WORK REQUEST
Reproduce the listing exactly. Omit pictures.

Start of COLLECTED DATA

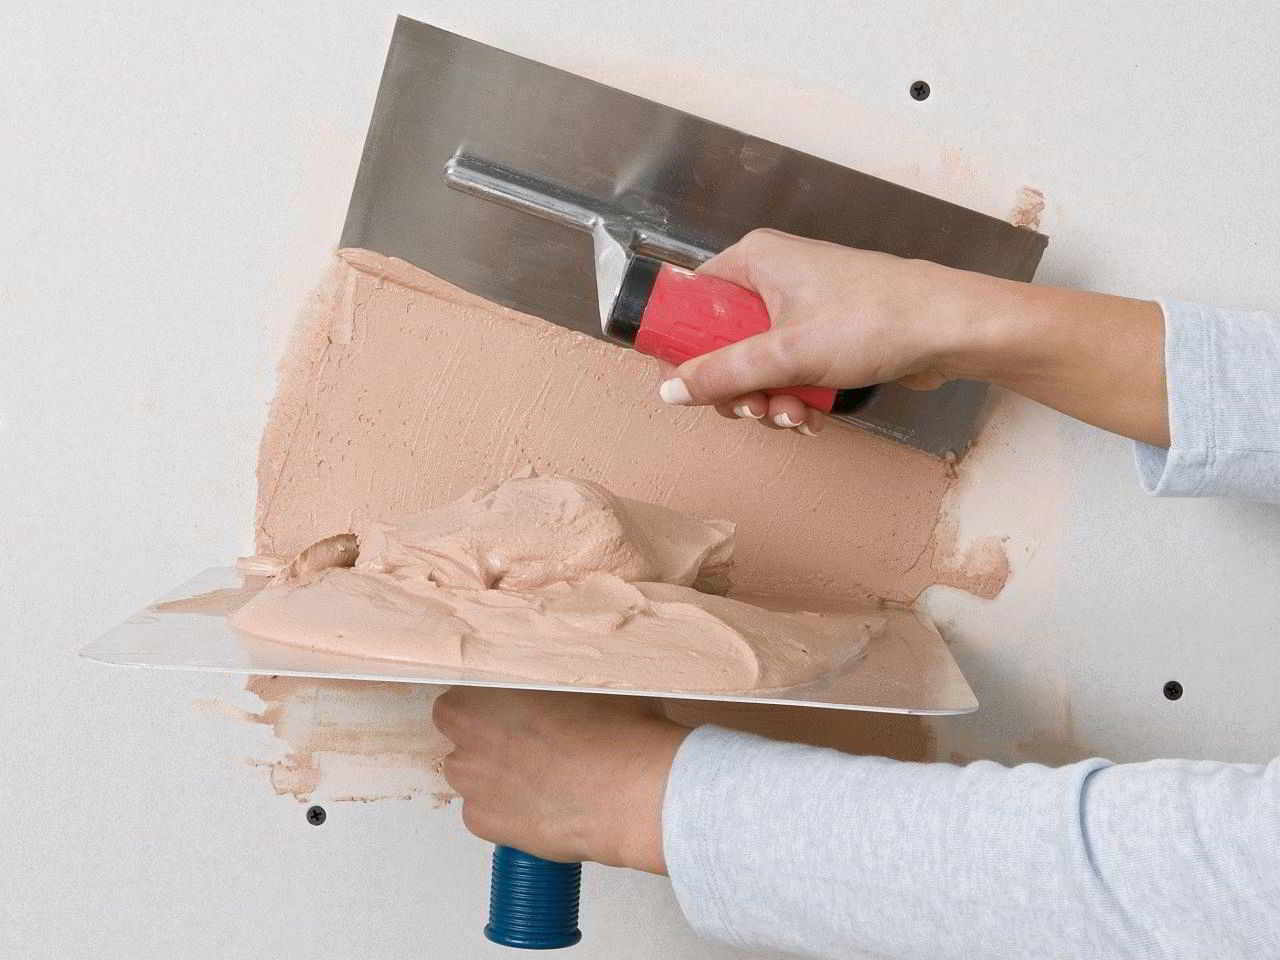 Оштукатуривание стен гипсовой штукатуркой: Журнал о дизайне интерьеров и ремонте Идеи вашего дома — IVD.ru
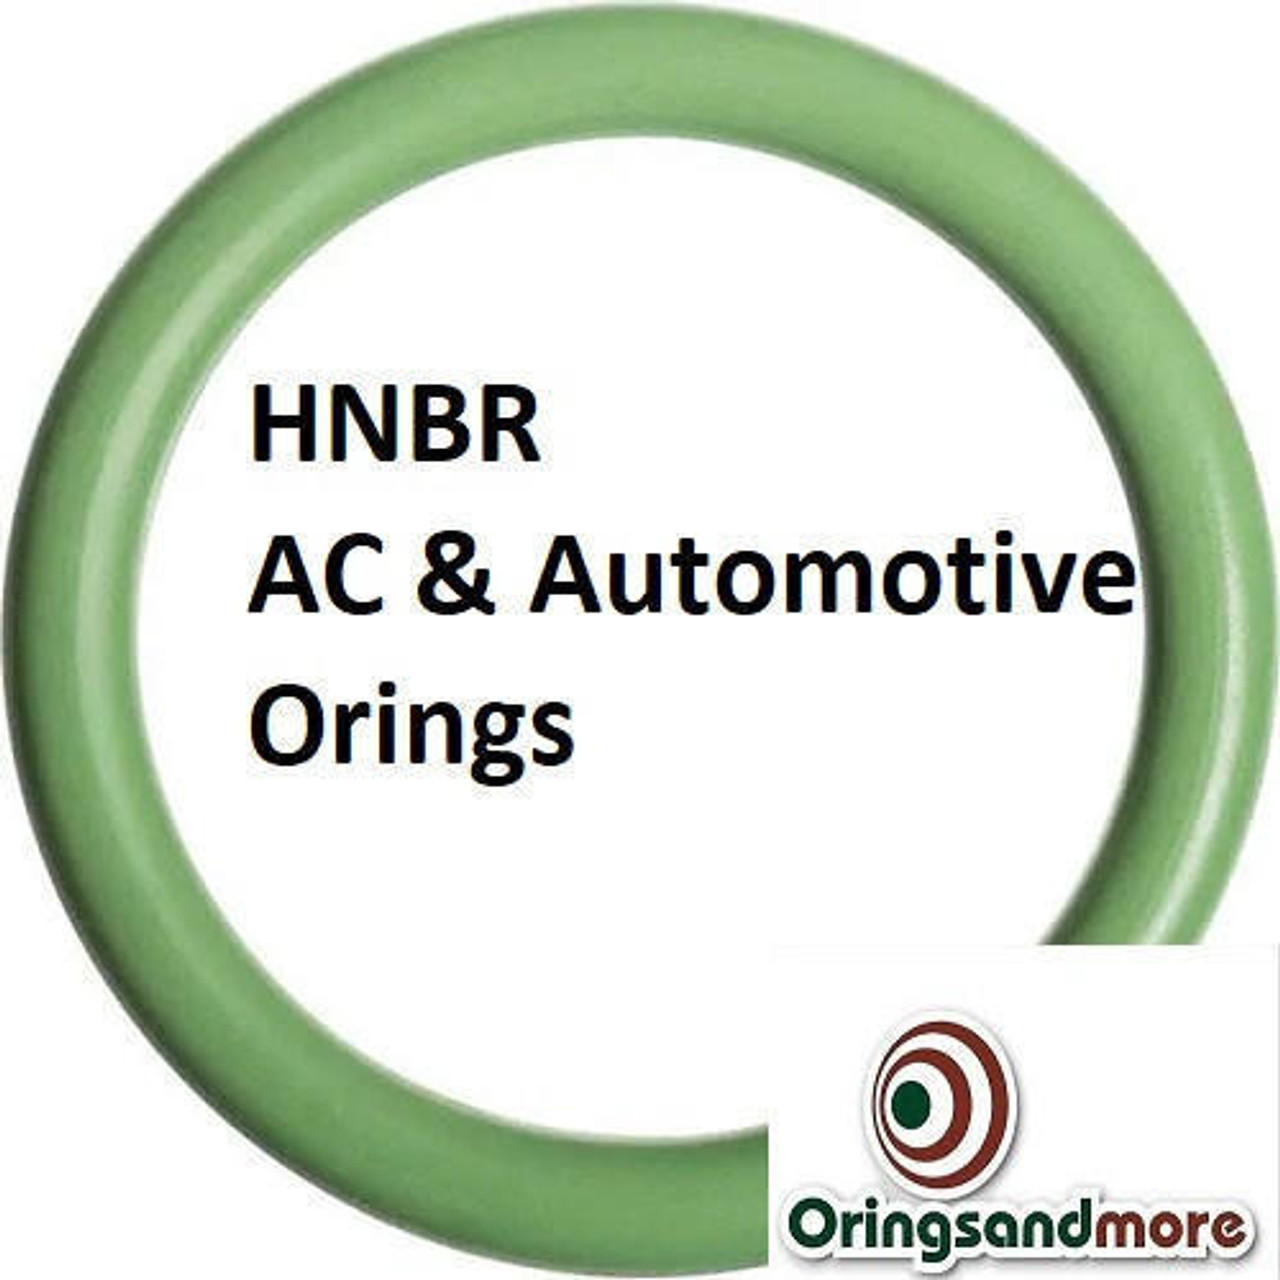 HNBR Orings  # 120-70D Green Minimum 10 pcs
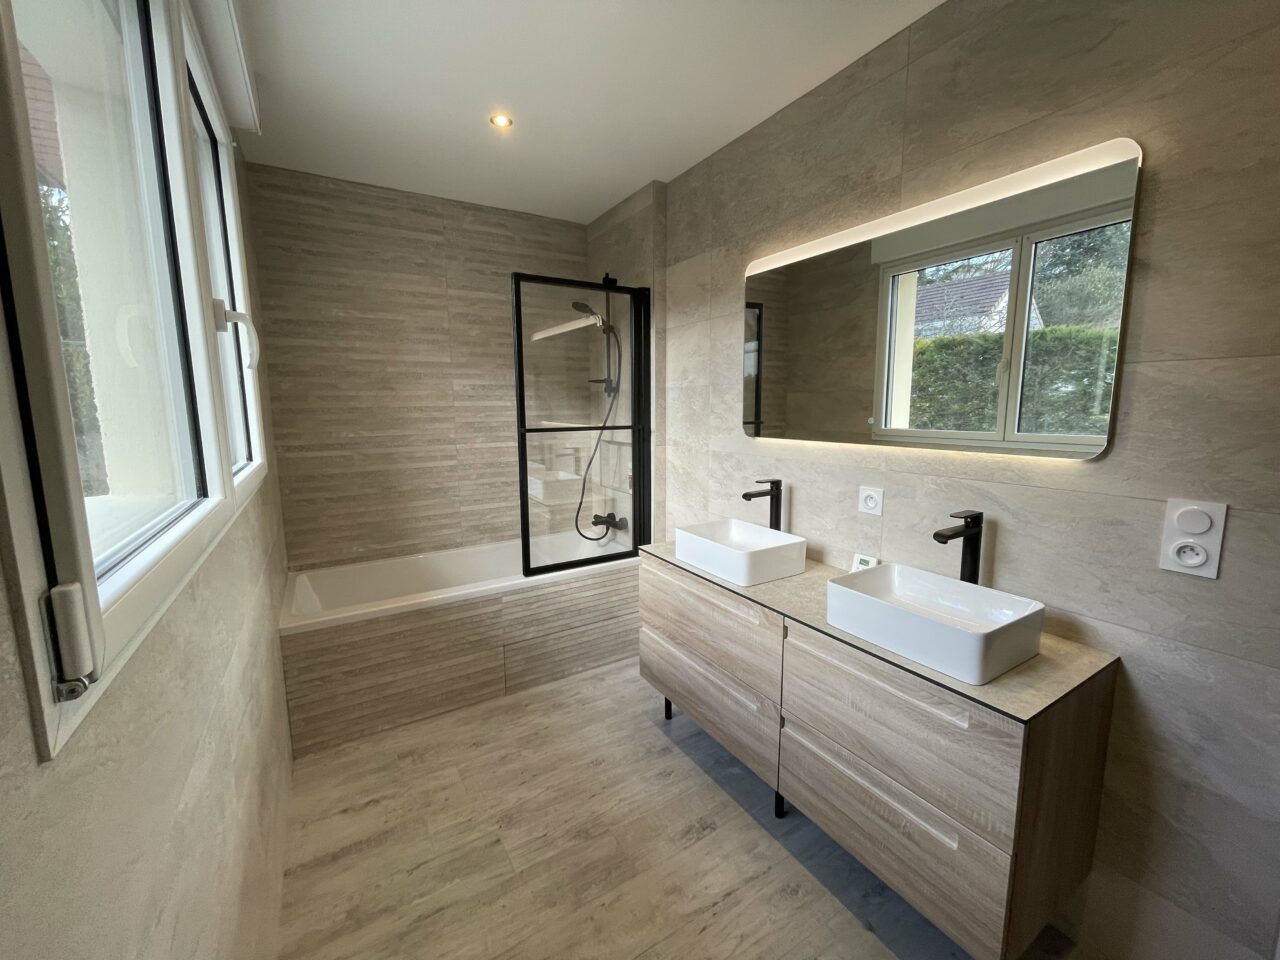 Rénovation salle de bain Dijon - baignoire

End of COLLECTED DATA

RESPONSE TO THE TASK
 Оштукатуривание стен гипсовой штукатуркой: Журнал о дизайне интерьеров и ремонте Идеи вашего дома — IVD.ru
 HNBR Orings  # 120-70D Green Minimum 10 pcs
 Rénovation salle de bain Dijon - baignoire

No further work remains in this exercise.